By one count, the president has publicly vowed to “solve problems, not pass them on to future presidents and future generations” almost 250 times. The AP’s Jennifer Loven found quite a few examples of Bush actually choosing to do the opposite. Excerpts from her lengthy list:
* The economy is relatively sound and deficits are falling after peaking in 2004. But an entire presidency of red ink has ballooned the overall federal debt from $5.7 trillion when Bush became president to $8.9 trillion now. The Iraq war, including providing medical care and disability benefits to veterans, as well as expensive new programs like a Medicare prescription drug benefit threaten to drive deficits back up. Economists fear growing odds of a recession.
* The nation’s health care spending, public and private, totaled $1.5 trillion when Bush took office. By the time he leaves, it is expected to be $2.6 trillion — a 75 percent increase. Meanwhile, the nation’s number of uninsured has swelled, from 14 percent of the population in 2001 to 16 percent last year, or a total of 47 million people.
* Now in its fifth year, the Iraq war has claimed the lives of more than 3,800 members of the U.S. military and more than 73,000 Iraqi civilians, wounded over 28,000 U.S. military personnel, and cost nearly half a trillion dollars. Even if combat ends, Bush says the United States will need to provide military, economic and political support beyond his presidency and have “an enduring relationship” with Iraq.
Indeed, it’s quite an indictment. Since Bush took office, the terrorist threat has gotten worse, not better. Energy prices have gotten worse, and are poised to continue in this direction. Fiscal challenges facing Social Security and Medicare have been ignored. The shortcomings of the nation’s immigration system will not be addressed until there’s a new president.
Matthew Dowd, the chief campaign strategist for Bush’s 2004 presidential campaign said, “We’re in a worse place than we were in 1999.” What was he referring to? Apparently, everything.

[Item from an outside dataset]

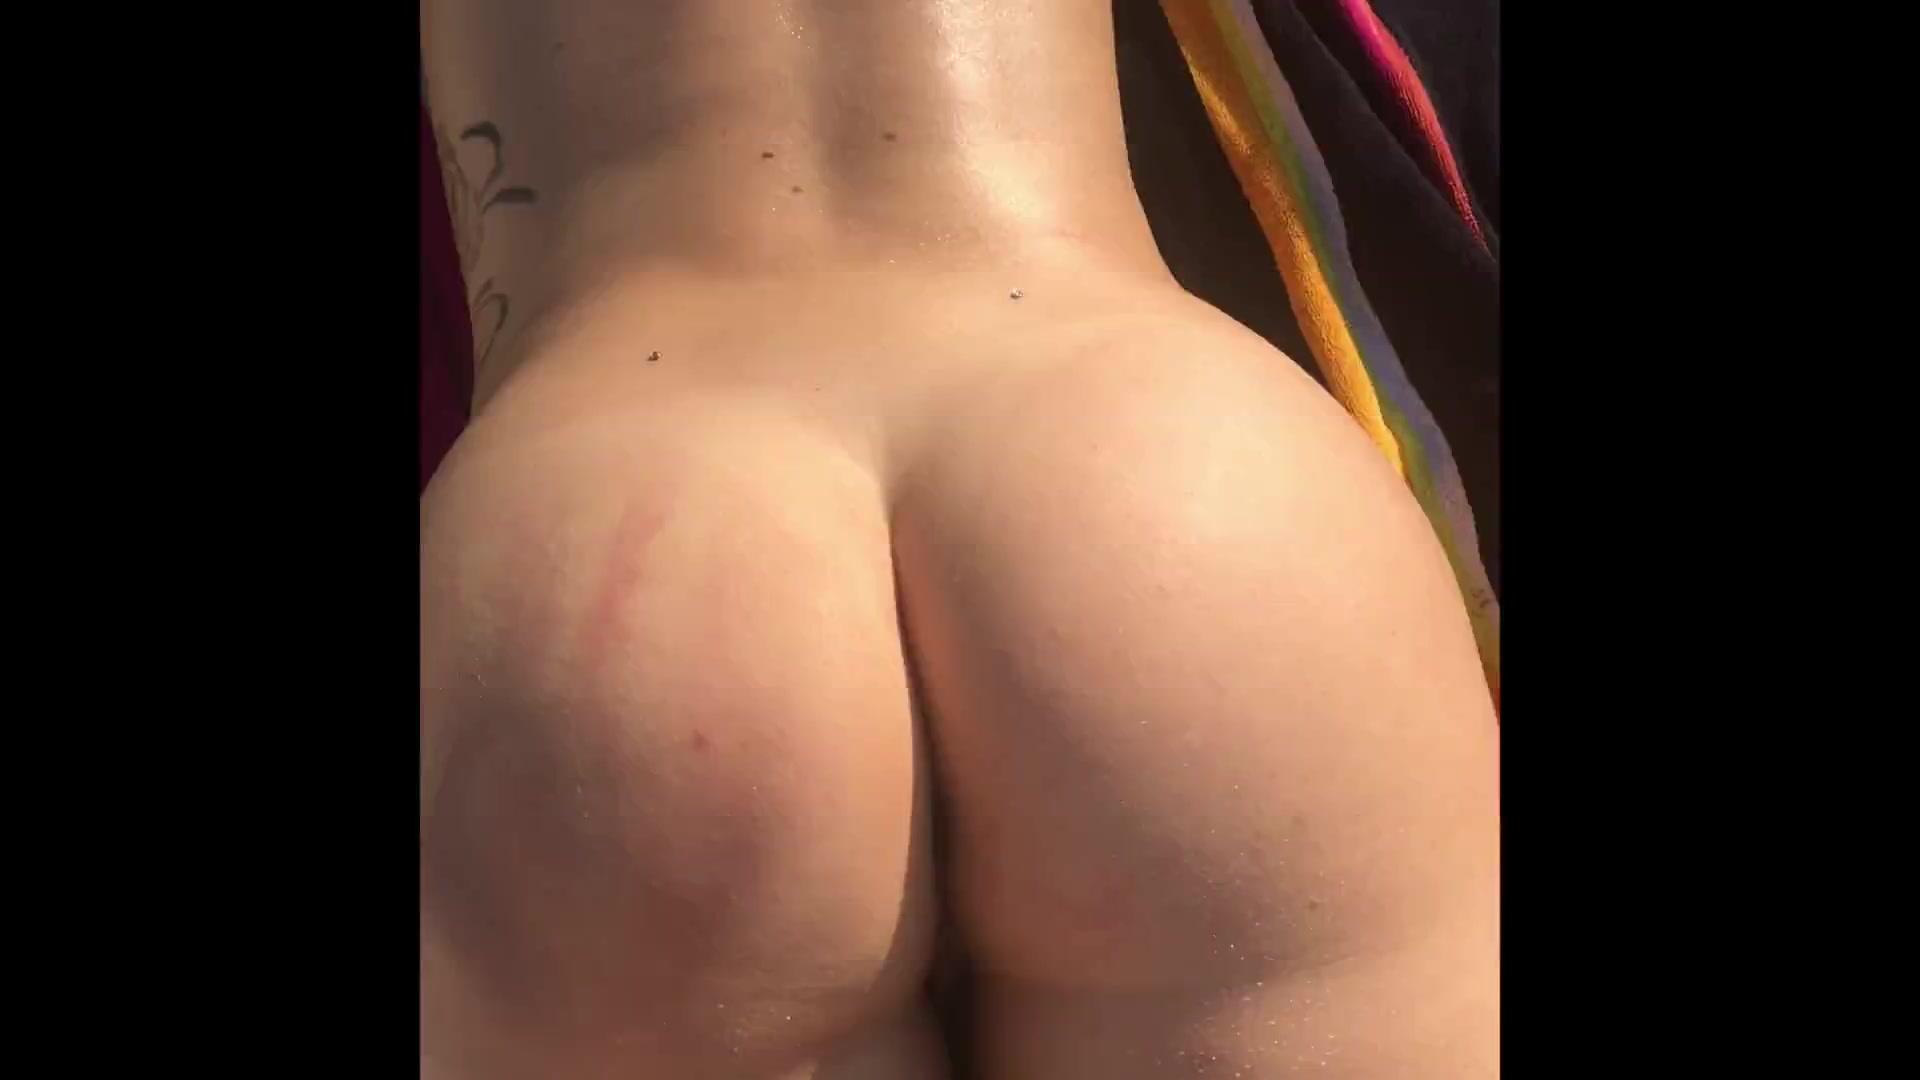 Avannah Porn savannah rose multiple fingering clips public nudity, butt

Stephen J. Wayne, a Georgetown University presidential scholar, “It’s hard to find something he has done that really has improved the situation a great deal.” That’s a generous way of putting it. Except for better relations with the government of Afghanistan, I can’t think of a single area of foreign or domestic policy in which the United States is better off now than it was in January 2001.
Bush isn’t just passing on some problems onto “future presidents and future generations”; he’s passing on every problem.
And just as an aside, I think the AP’s Jennifer Loven deserves some serious kudos for writing a piece like this. These kinds of big-picture, Bush-is-screwing-everything-up-royally pieces are exceedingly rare in traditional news outlets, and Loven did a terrific job with this.
Indeed, she has a bit of a history delivering these kinds of quality news-analysis pieces. In March 2006, Loven had a great item explaining that when Bush “starts a sentence with ‘some say’ or offers up what ‘some in Washington’ believe,” he’s almost always playing a deceptive straw-man game. In May, Loven had another gem in which she noted that the president has a habit of fabricating popular poll support for his ideas.
And today, she’s done it again. I hope she isn’t fired.